Run the taudit.js tool which can
be found in the Tivoli® Open Process Automation Library (OPAL) by searching for "Web SOAP scheduled reporting tools" or navigation
code "1TW10TM0U." This tool provides an overall status of the environment.
Run this tool every day.
Take a monitoring server backup every 24 hours in early stages and then move
to weekly backups. If you have effective snapshot software, you can take backups
with the monitoring server or portal server, or both online. Otherwise, shutdown the monitoring server and portal server before
taking a backup. Test these backups after you first develop the process and
at least twice a year thereafter by restoring to a monitoring server in your test
environment to ensure the backups are successfully backing up the data you
need to restore your production monitoring server in the event of an outage or need
for rolling back to a previous state.
Make sure the portal server database backup is in the plan and is being
made daily as the environment is being rolled out and then weekly as the environment
matures and less frequent changes are made to the environment. Test these
backups after you first develop the process and at least twice a year thereafter
by restoring to a portal server in your test environment to ensure the backups
are successfully backing up the data you need to restore your production portal
server in the event of an outage or need to rollback to previous state.

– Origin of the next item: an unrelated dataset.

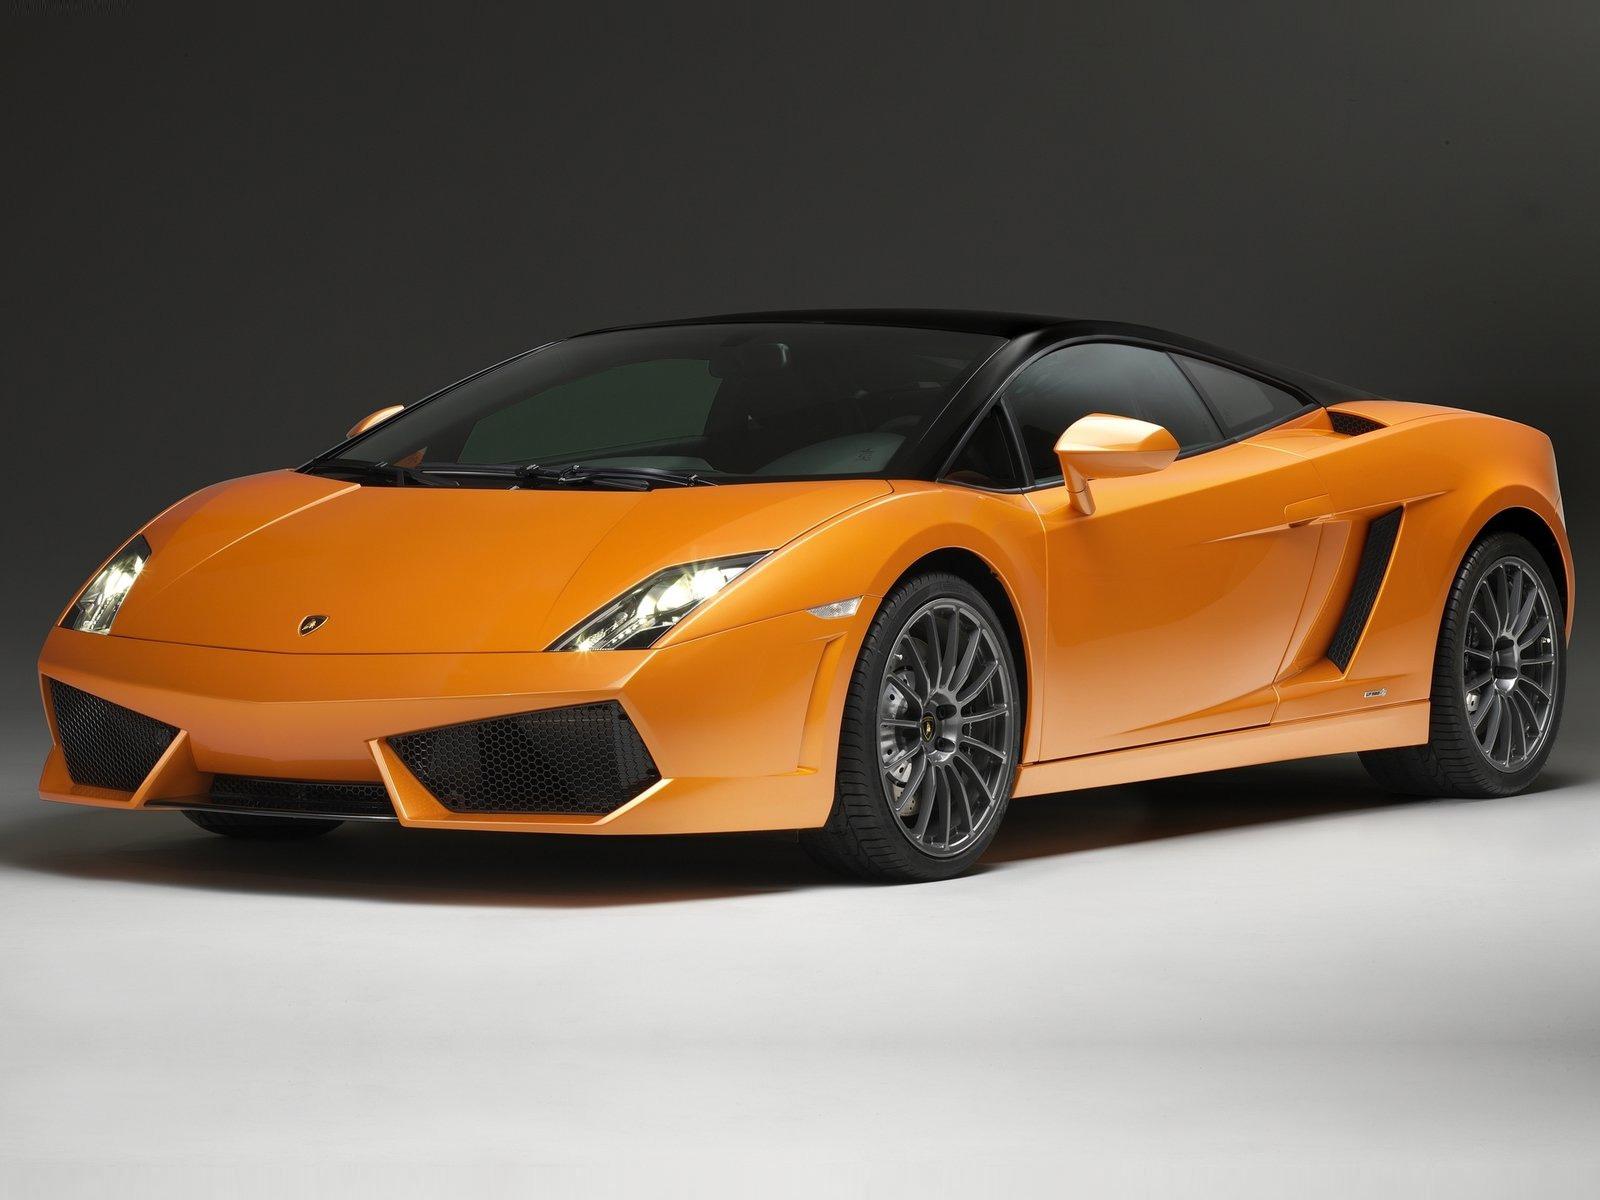 2011 Lamborghini Gallardo Lp5604 Bicolore  Cars Sketches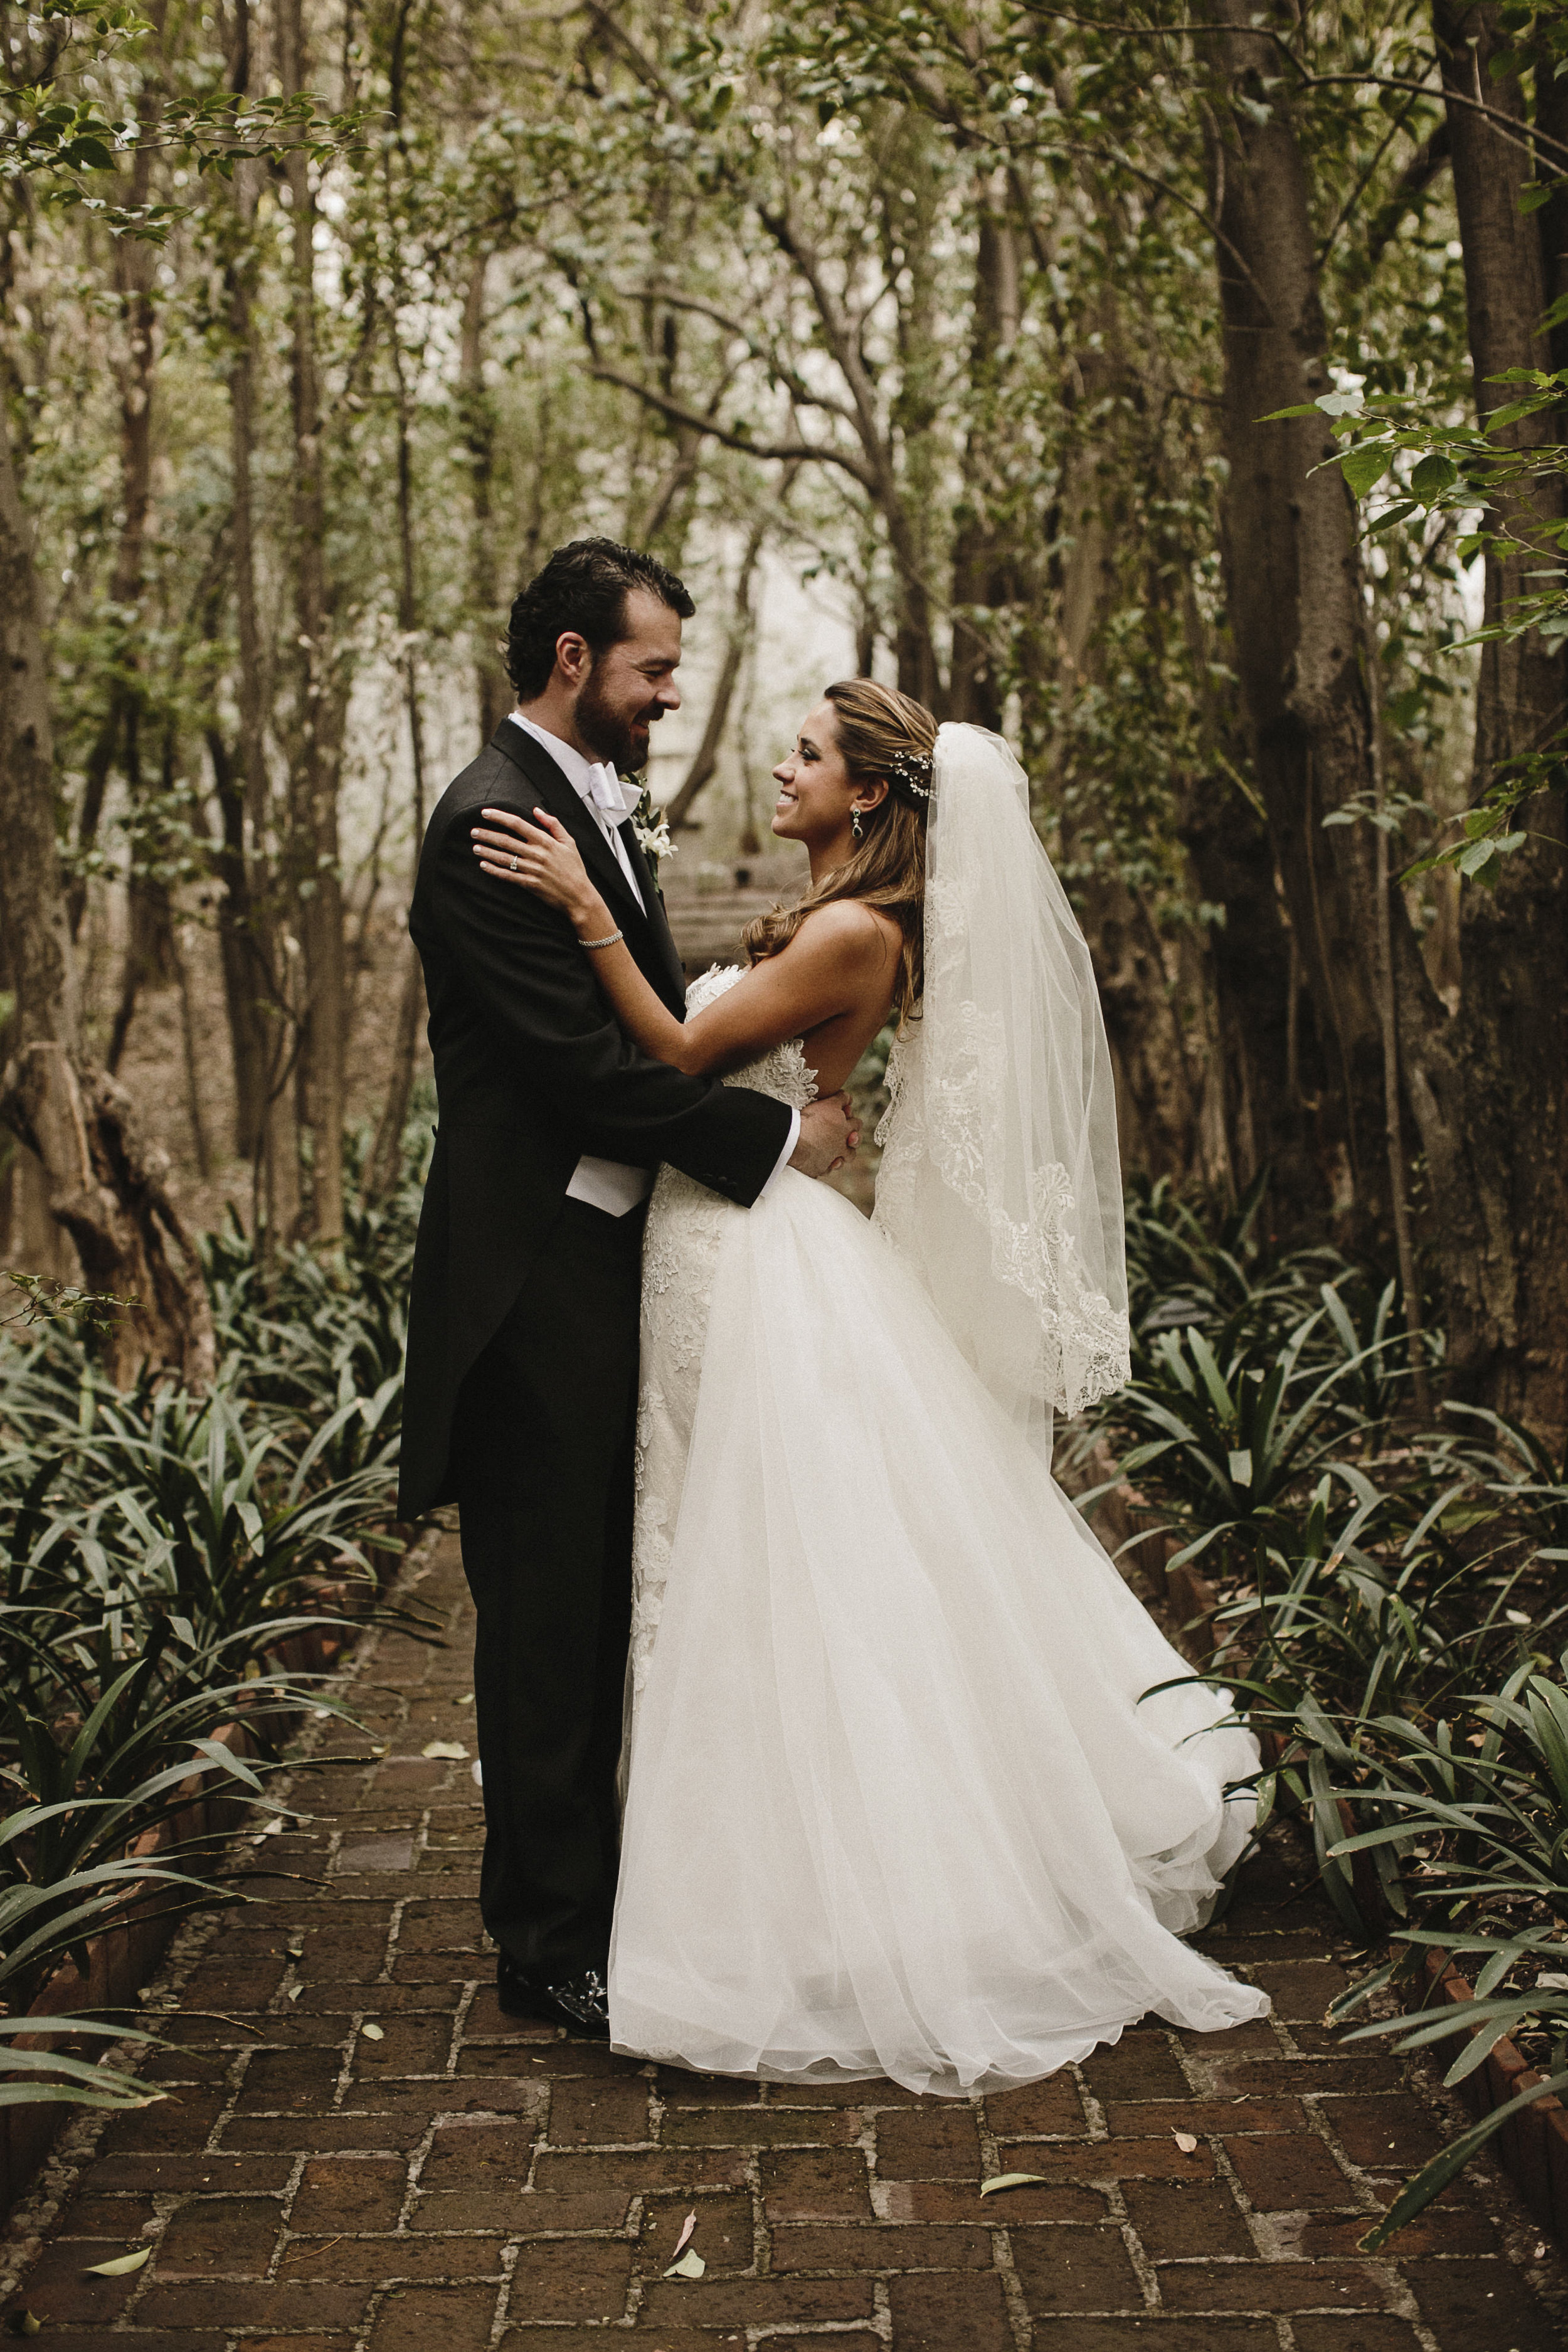 alfonso_flores_destination_wedding_photogrpahy_paola_alonso-243.JPG

Make sure the DB2® warehouse backup is in the plan and is being made weekly.
The reason you need to do this weekly is because of huge database size.
Check daily that the warehouse agent is performing by looking at the warehouse
logs (hostname_hd_timestamp-nn.log).
Check daily that the Summarization and Pruning agent is performing by looking at the (hostname_sy_timestamp-nn.log) logs.
Check the monitoring server (hostname_ms_timestamp-nn.log) and portal server logs
(hostname_cq_timestamp-nn.log) for any obvious
errors and exceptions.
Check that there are no monitoring servers overloaded with agents. One
way to do this is by checking the "Self-Monitoring Topology" workspace, which
has a "Managed Systems per TEMS" view showing the number of agents reporting
to each monitoring server.
For DB2, run the REORGCHK and RUNSTATS on the warehouse database daily.
For DB2, run the REORGCHK and RUNSTATS on the portal server database weekly.
Check that events are reaching the Tivoli Enterprise Console server and also from the
user created Universal Agents.
Check that all the fired situations are answered with a response and are
not in open state for a long period of time.
Check that all the agents are responding by making SOAP down calls to
each agent. Running taudit.js (as mentioned above) checks this automatically.
Check the core components process memory and CPU usage and that you have
situations created to monitor them.